Fertility preserving surgical treatment which is the standard treatment for young BOTs (recommended grade A) is a comprehensive staging surgery. Compared with radical surgery, postoperative recurrence rate will be increased, but there is no significant difference in overall survival rate [16]. The surgical scope of staging surgery, especially ovarian tumor exfoliation, was of great benefit to the postoperative pregnancy success rate[16, 17]. In this study, a young patient who underwent bilateral SSPBT stripping was successfully pregnant and delivered one year later by assisted technology.

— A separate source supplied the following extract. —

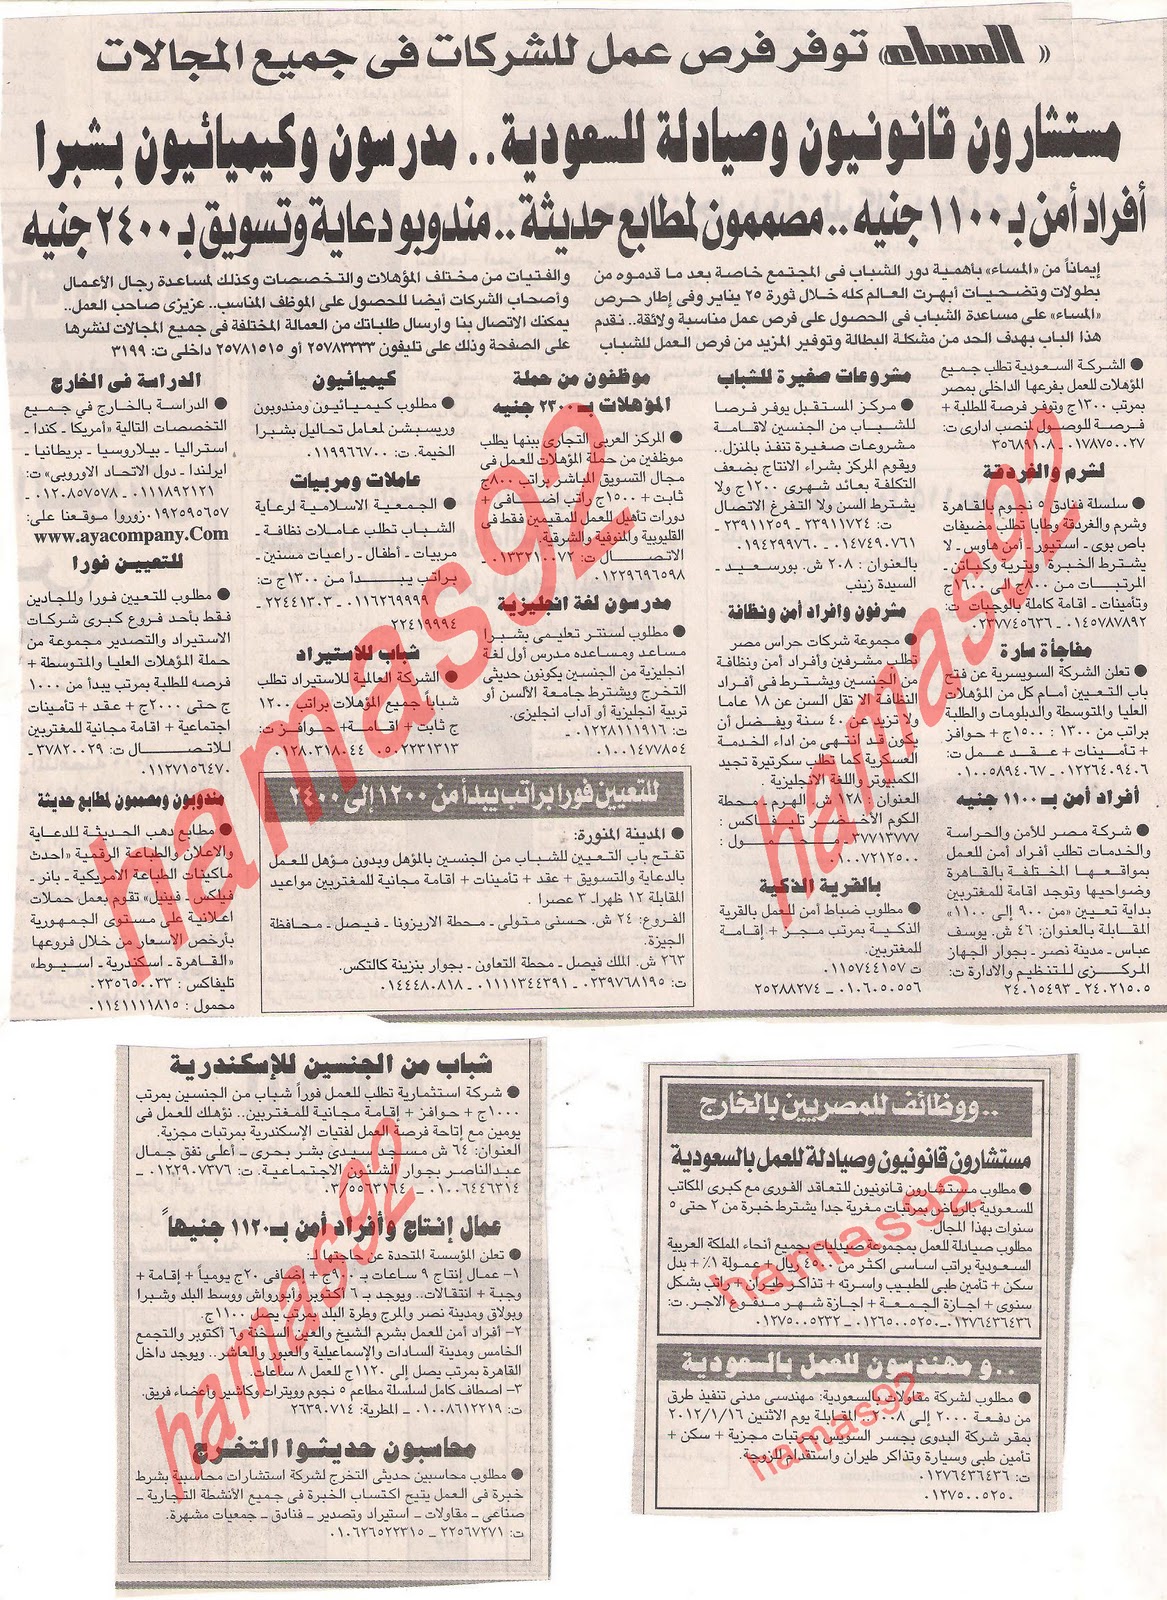 اعلانات وظائف جريدة المساء الاربعاء  11\12\2012  Picture+001

The tumor marker CA125 is mainly expressed in ovarian serous tumors, but the level of CA125 can be overlaps between SSPBT and serous papillary carcinoma [18]. CA125 combined with ultrasonography can be used to monitor postoperative tumor recurrence in serous borderline tumors [19].In this study, 4 cases (80%) of SSPBT showed different levels of serum CA125 increased before operation, but no tumor recurrence was found in regular ultrasound and follow-up of serum CA125 level one year after operation. Due to the tendency of long-term recurrence of borderline tumors, long-term rigorous follow-up of more than 10 years is still needed after operation.
Above all, ovarian SSPBT on the multimodal ultrasonic which includes gray-scale ultrasound, 2D-CEUS and 3D-CEUS have unique sonographic features that are closely related to the pathological structure of the tumor. Ultrasound plays an important role in the diagnosis and postoperative follow-up of SSPBT. Because of the low incidence of the ovarian SSPBT, the cases we collected may not be fully reflected in the whole image characteristics of these tumors, but in any case, we believe that our research will make a useful contribution to the future study of SSPBT.